The purpose of the FIC cannot be to reduce or avoid taxes. There must be a legitimate non-tax reason for the family investment company to exist in the first place.

For many families, centralized asset management is reason enough. FICs allow for assets to be pooled, managed, and overseen by multiple family members, rather than keeping those assets in separate trusts or an individual’s account(s).

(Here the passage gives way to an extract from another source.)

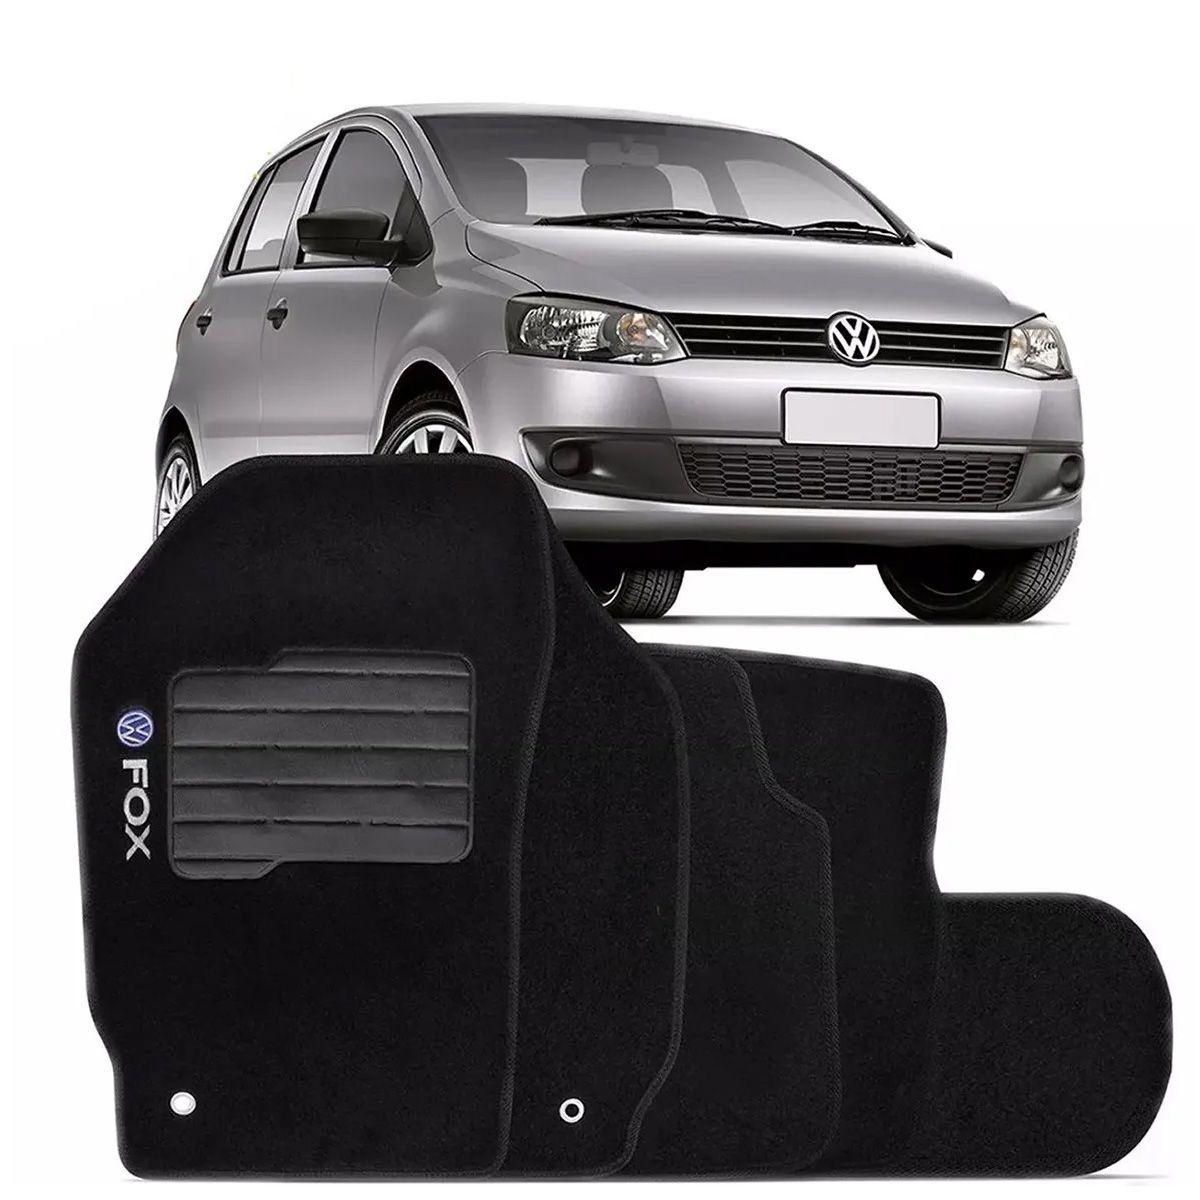 Tapete Carpete Volkswagen Fox 2003 a 2014 Preto Logo Bordado Personalizado Poliparts
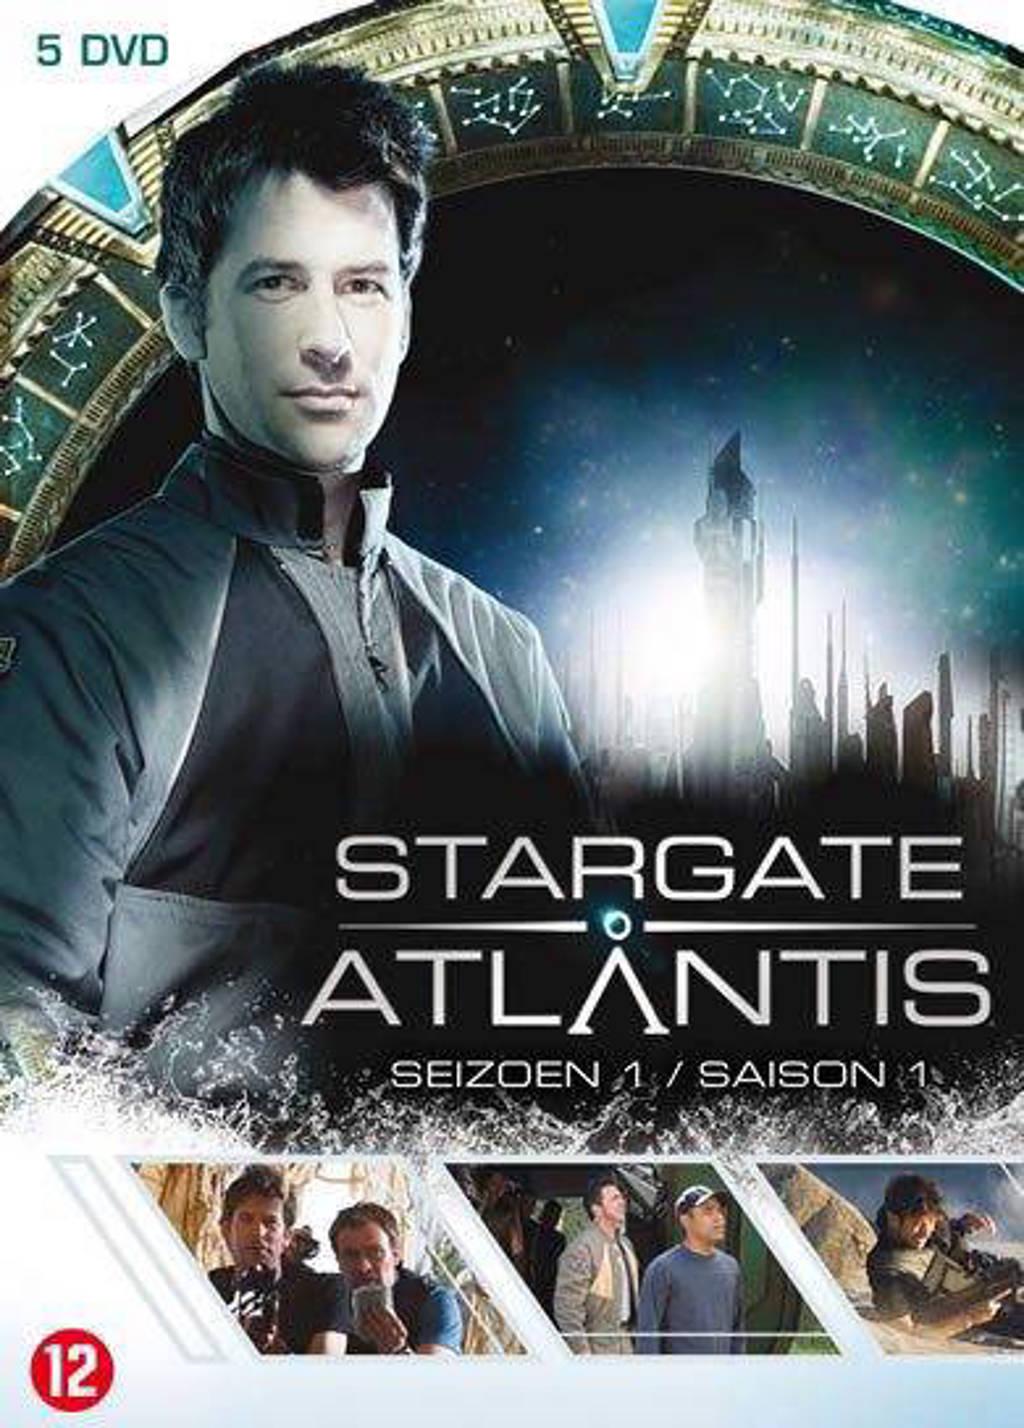 Stargate Atlantis - Seizoen 1 (DVD)

Other potential legitimate reasons for creating and maintaining an FIC include:

  • Asset protection (from creditors, family members, impending divorce, etc.)
  • Business succession planning
  • Preservation of larger assets by avoiding fractionalization

These are just some of the possible legitimate reasons to have an FIC; discuss your unique situation with your tax preparer, wealth advisor, business attorney, and/or estate planning attorney.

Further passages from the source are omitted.